I am trying to write a little script that will look at a string of text, remove the stop words, then return the top 10 most commonly used words in that string as a list.

This is my code:

from collections import Counter as c
from nltk.corpus import stopwords
stop = set(stopwords.words('english'))
description = ("This is some place holder text for a shop that sells shoes, coats and jumpers.  We sell lots of shoes but never sell t-shirts.  Please come to our shop if you want some jumpers")
description = ([word for word in description.lower().split() if word not in stop])
common_list = c(description)
top_ten = (common_list[:9])

However, this gives me the error message unhashable type: slice. I think this is because common_list might not actually be a list.. I am very new to python so please excuse if this is really silly.

3 answers

  • answered 2017-11-12 19:43 en_lorithai

    common_list is a dictionary, can't slice it (common_list[:9] won't work). You probably have to convert the common_list into an actual list and sort that one based on the occurrences.
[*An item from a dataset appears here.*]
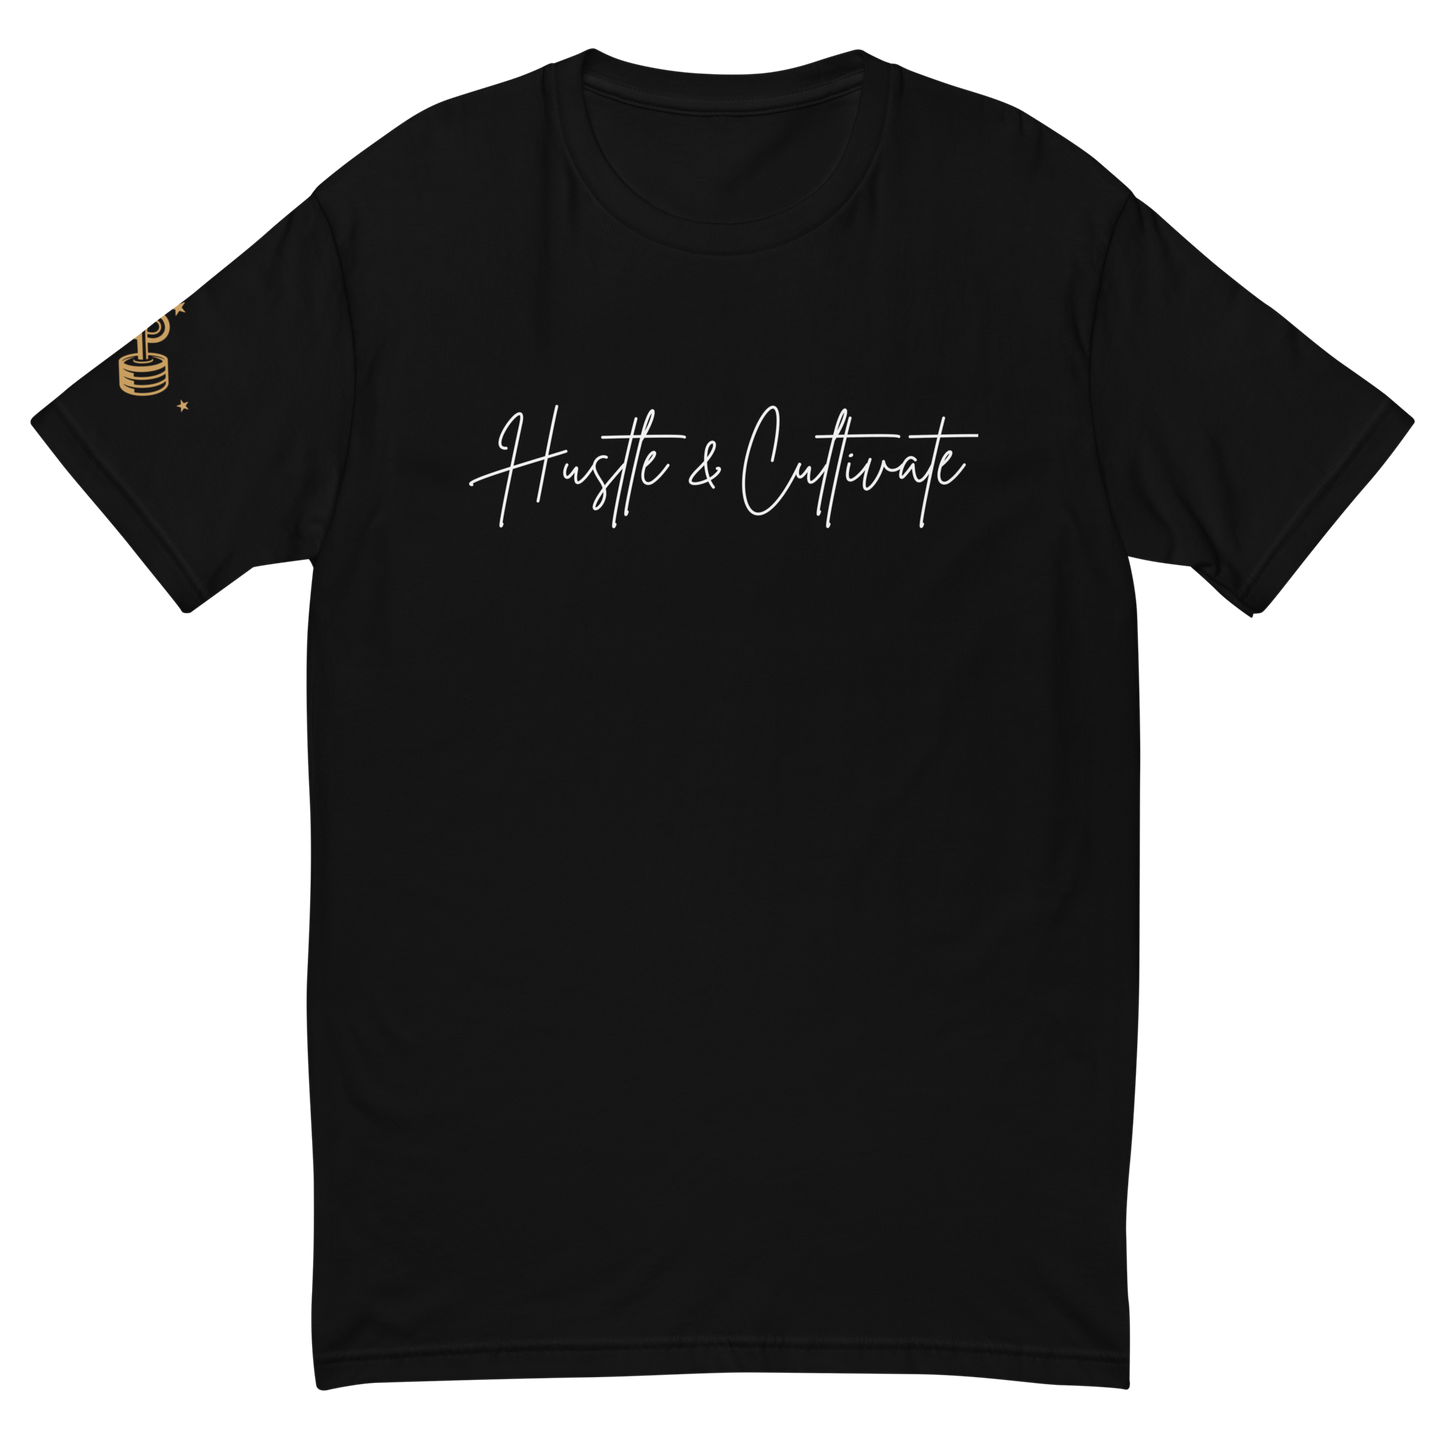 Hustle Facts Graphic T

  • answered 2017-11-12 20:03 Joe Iddon

    You can use the following one-liner:

    top_ten = sorted(c(description).items(), key=lambda p:p[1])[::-1][:10]
    

    why?

    Well you essentially have a list of words:

    description = ["cat", "fish", "cat", "cat", "dog", "dog"]
    

    and then you can get the counts of each elements with the c() function so by taking c(description) which gives:

    Counter({'cat': 3, 'dog': 2, 'fish': 1})
    

    and then we need to sort this and that is done by sorting on the second element of each tuple with key=lambda p:p[1]. Which in our case would give:

    [('fish', 1), ('dog', 2), ('cat', 3)]
    

    then we need to reverse it with [::-1] and take the first 10 elements with [:10]. Which would leave us with:

    [('cat', 3), ('dog', 2), ('fish', 1)]
    

    If you just want the words, just take the first element from each list in the top_ten list with:

    [i[0] for i in top_ten]
    

  • answered 2017-11-12 20:28 Joe Iddon

    This can be done with the Counter object's most_common method which makes it really easy:

    top_ten = c(description).most_common(10)
    

    The documentation states:

    Return a list of the n most common elements and their counts from the most common to the least.

    So as it returns both the element and their counts and we only want the element, we still need to use a list-comprehension:

    top_ten = [i[0] for i in c(description).most_common(10)]